Are they <100GB, 200GB, 300GB or greater than that, etc.?

All help is appreciated.
Thanks in advance,
MN
 
Hi,

Can you be a bit more specific towards the kind of databases you are talking about?

An typical Notes database is between 5Mb and 500Mb. Databases larger then 1Gb exist in some companies, but are very rare. The largest database I have ever seen was 3Gb.

It all depends on the number of documents stored in it and the kind of data that is stored inside the documents.



Kind regards,

Dominik Malfait
dominik@amazingit.com
 
Thanks Dominik,
I am looking for information for my development and SQA teams. It seems someone suggested using data no larger than 10MB for testing against databases and I am trying to convince them that their tests may be invalid. They are doing Oracle, SQL, Lotus, Exch adn others. My point to them is that most customers, in reality, have DBs that are of much greater size than 10MB, especially Oracle.
What I hope this forum can provide me is credibility for the engineers. If I can show them that folks are running DBs that can be from 500MB to 4Tb and greater it will help to verify, along with the market articles from Gartner and ESG, etc.
I do appreciate your input. THis will help get me on my soapbox.

:eek:)
Cheers!
Steve
 
Hi,

First of all: you can not compare a Notes database with any other kind of relational database such as Oracle.

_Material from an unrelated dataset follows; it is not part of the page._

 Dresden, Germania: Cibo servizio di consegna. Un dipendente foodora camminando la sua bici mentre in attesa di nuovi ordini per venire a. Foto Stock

10Mb is definately far to small for Notes testing! When you create an empty R6 mailbox it is already 12Mb in size!

Notes is a document database that stores data in an unstructured way. This offers a lot of advantages when you need to automate supporting processes (and disadvantages when you need to automate primary processes). This is why there is no ERP system on Notes for example, or why you can develop groupware applications 6 times faster in Notes then in other systems ;-)

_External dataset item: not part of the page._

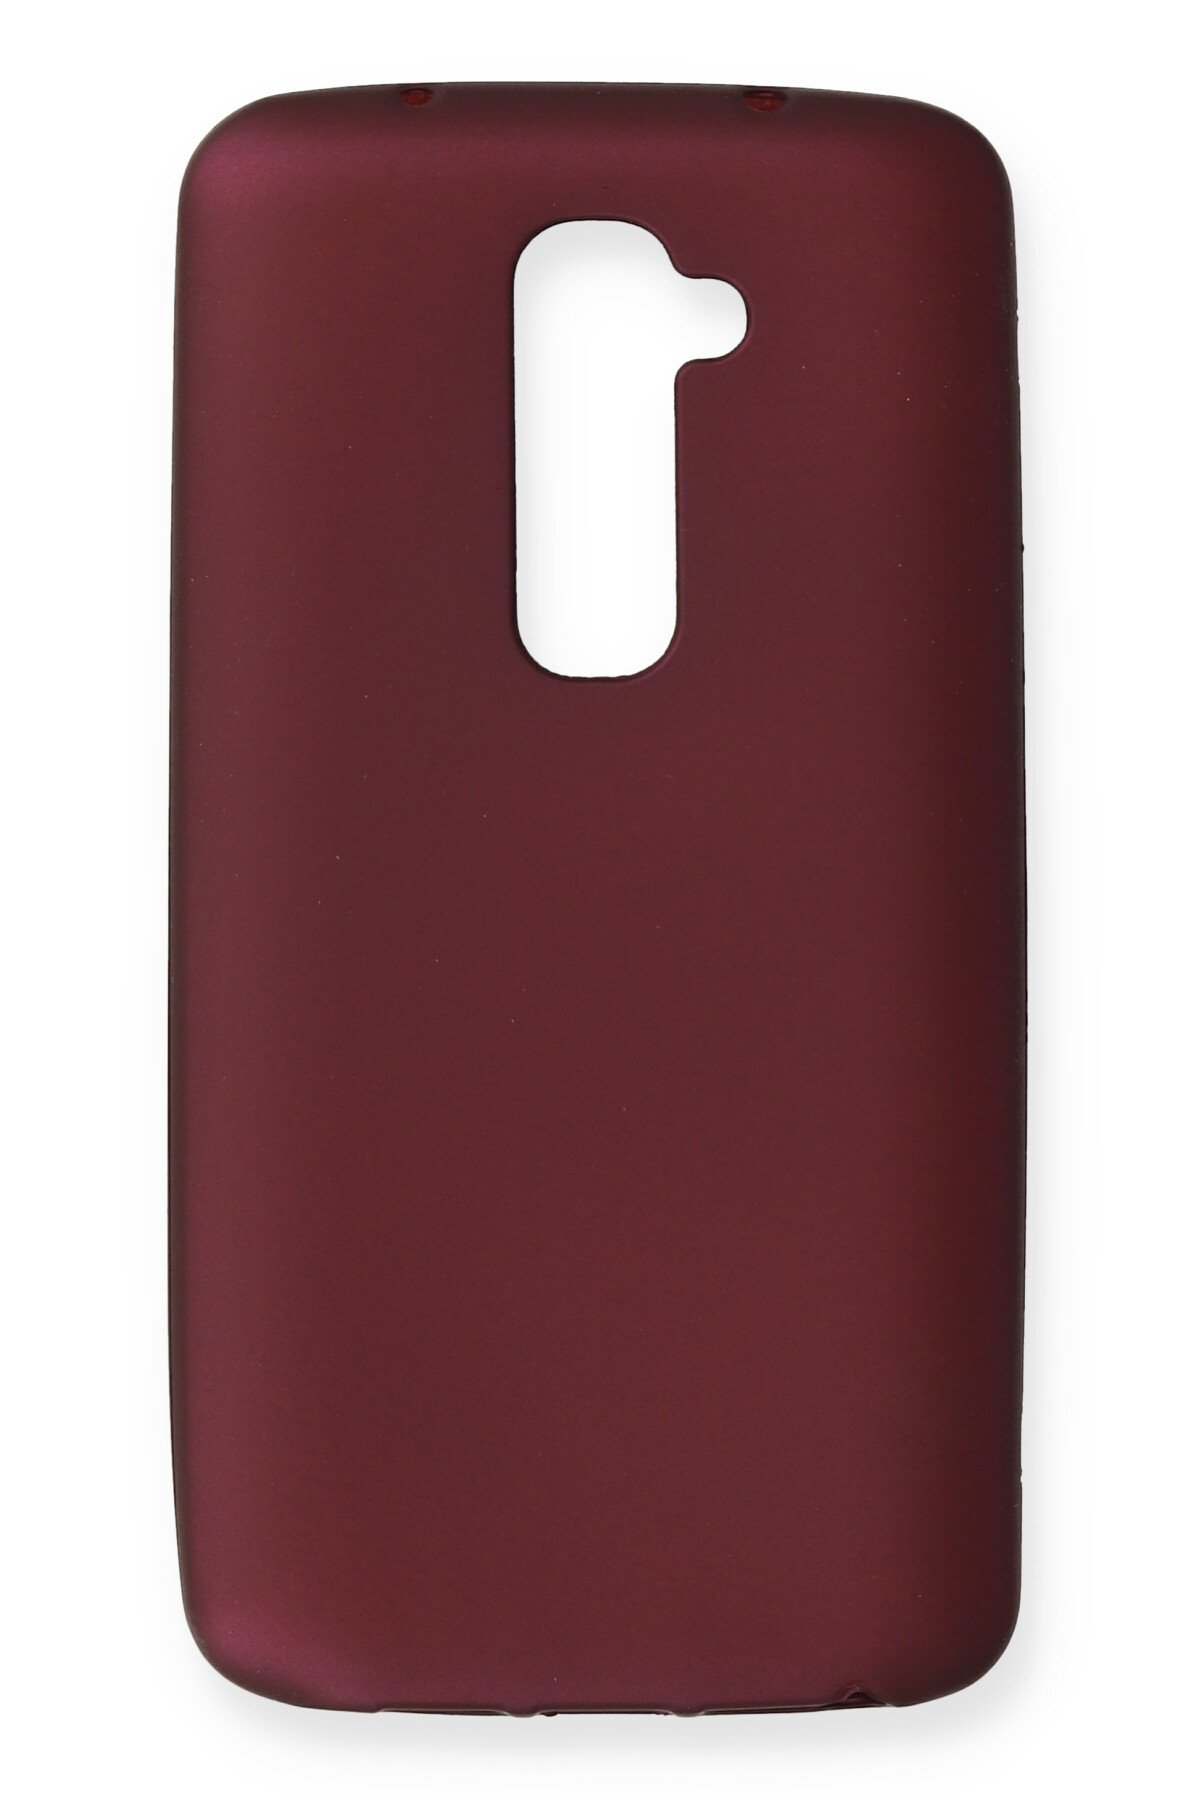 NewFace Newface LG G2 Kılıf Premium Rubber Silikon - Mürdüm

The size of a Notes database and the way it grows and shrinks is therefore different then from a relational database such as Oracle or SQL server or DB/2.
Notes fiels also have no field length for example. Similar documents (same form) in the same database can have a different number of fields also, a thing that is impossible with relational databases.

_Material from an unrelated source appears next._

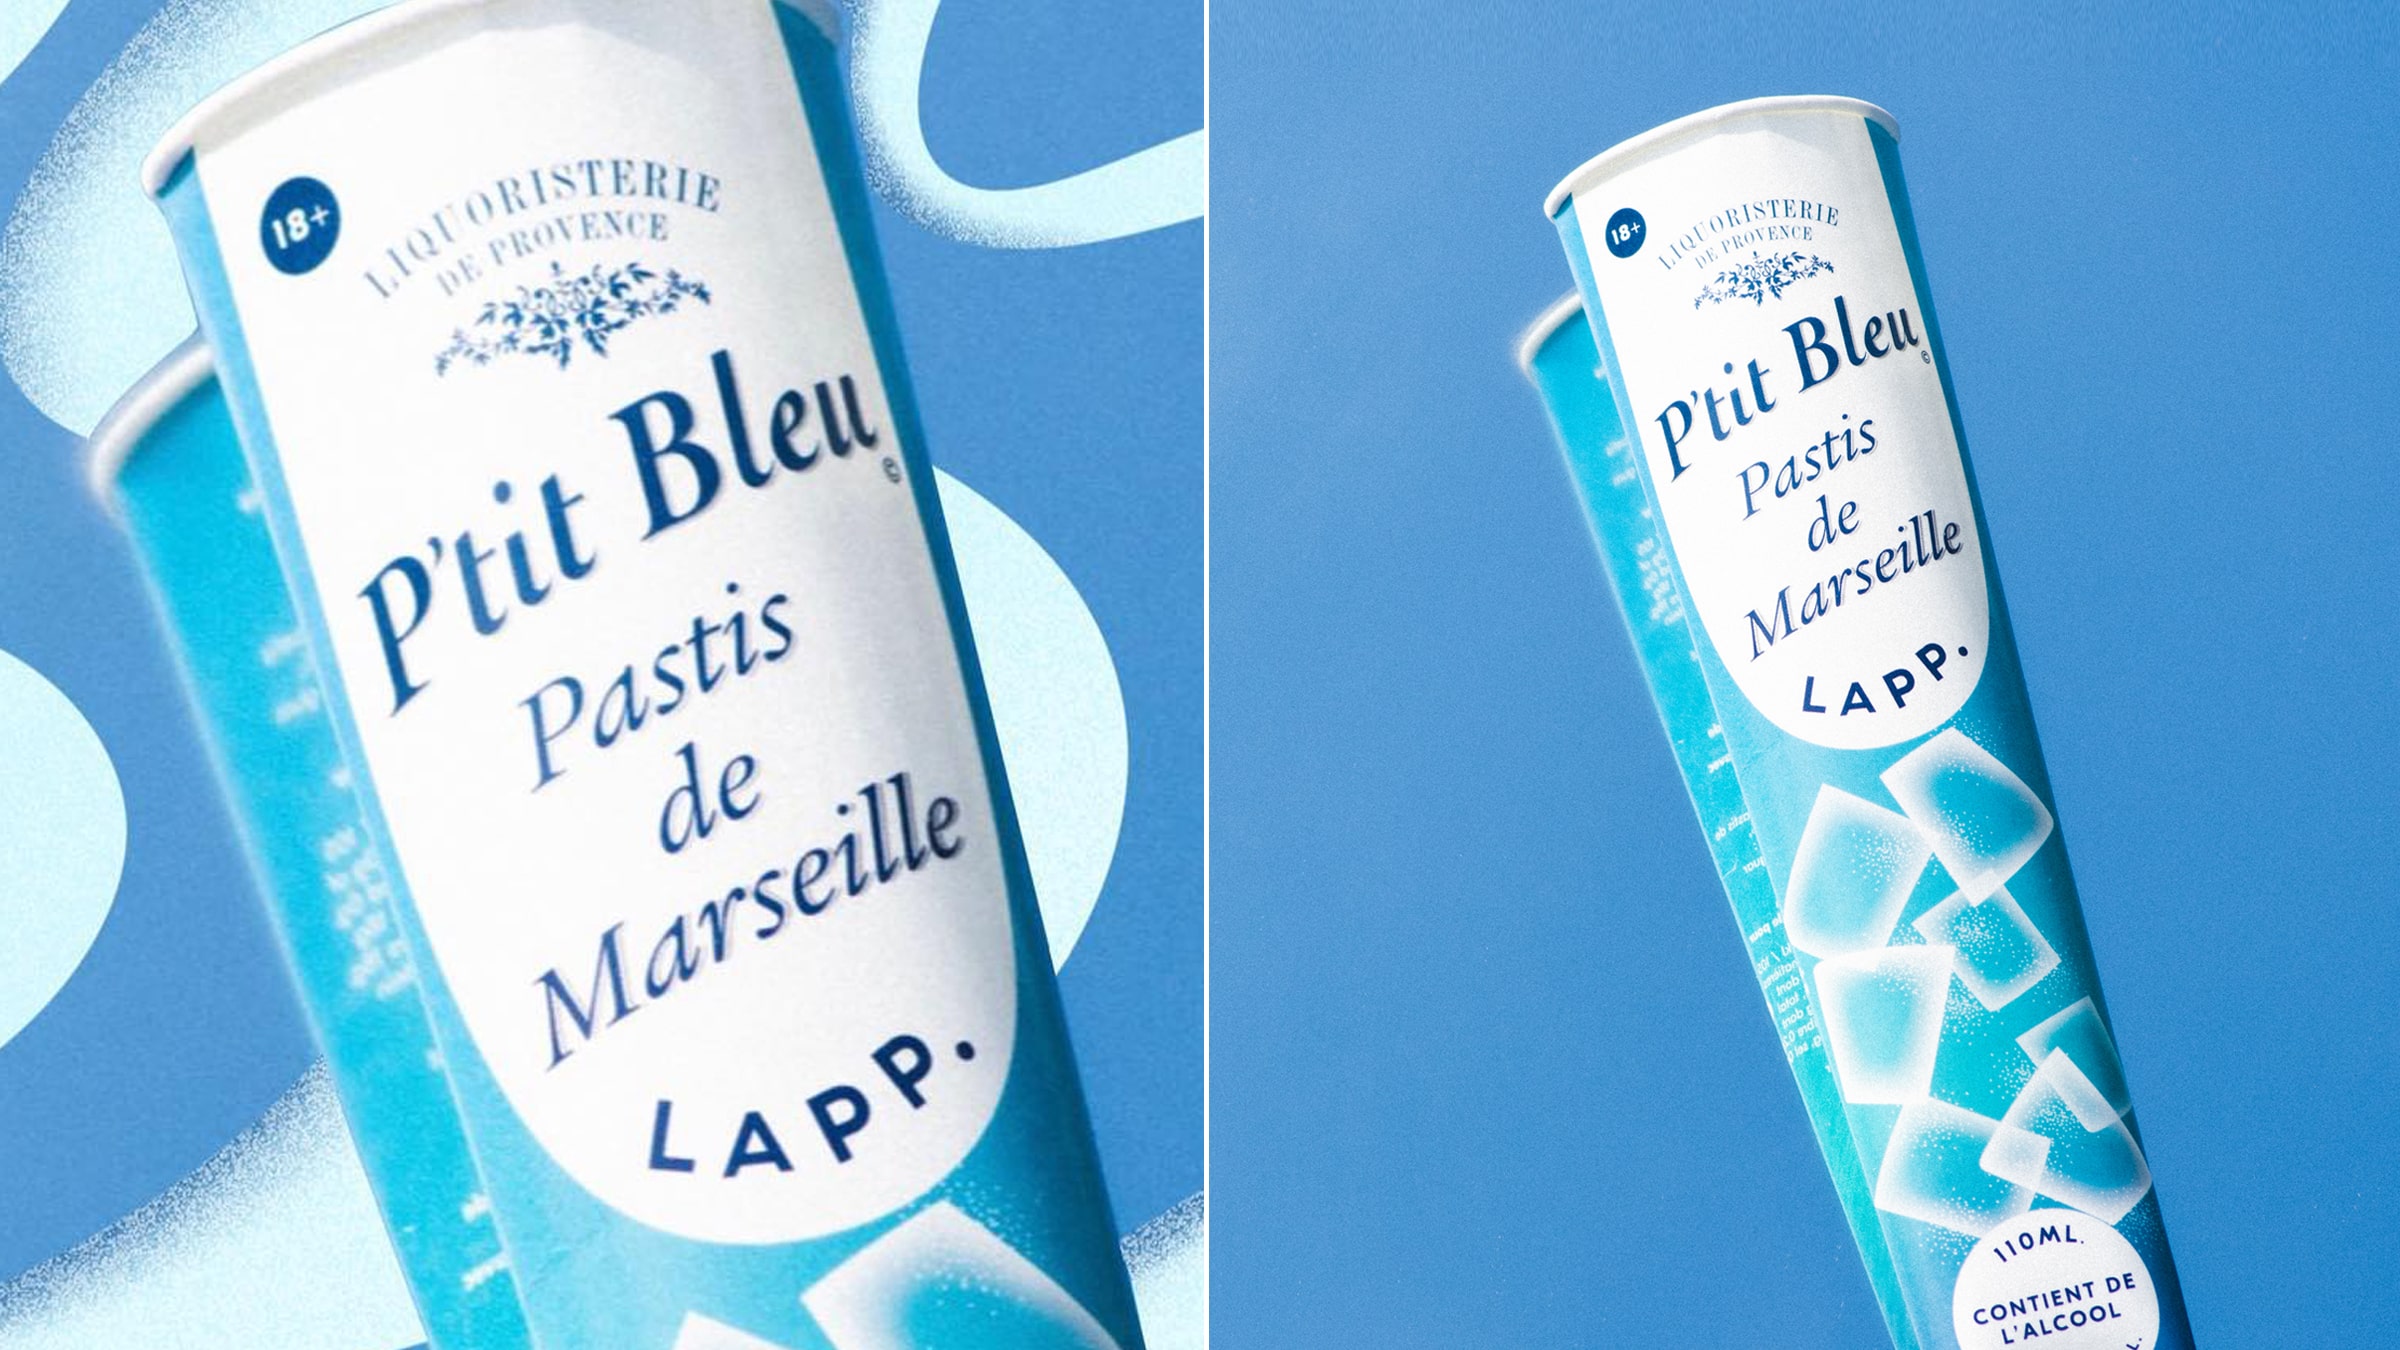 P'tit Blue Pastis de Marseille

On the other hand: because Notes is not a relational database a lot of data is usually duplicated inside Notes databases whenever some kind of relation is needed.

The usage over the network is also different because the way the data is stored and also because a lot of processing is done by the Notes client, and most databases can even be used completely off-line.

Forget about Notes databases of 4TB... Never seen such one myself and having one like this would be bad Notes management. Impossible to replicate to a new remote machine for example. I imagine they might exists in extremely large organizations (WallMart?).

Most organizations will split such large databases into several smaller ones and only replicate the data that is really necessary in each location.

If you want to do performance testing: take a database of 500Mb as a typical database and a database of 2GB as a big database. A mailbox will usually be between 30Mb and 100Mb depending on the quota that is set by the administrators.

Also: a lot will depend on the way the database is populated: do you have a few large documents or do you have many small documents?
Is the majority of the data stored in attachments or just in plain text?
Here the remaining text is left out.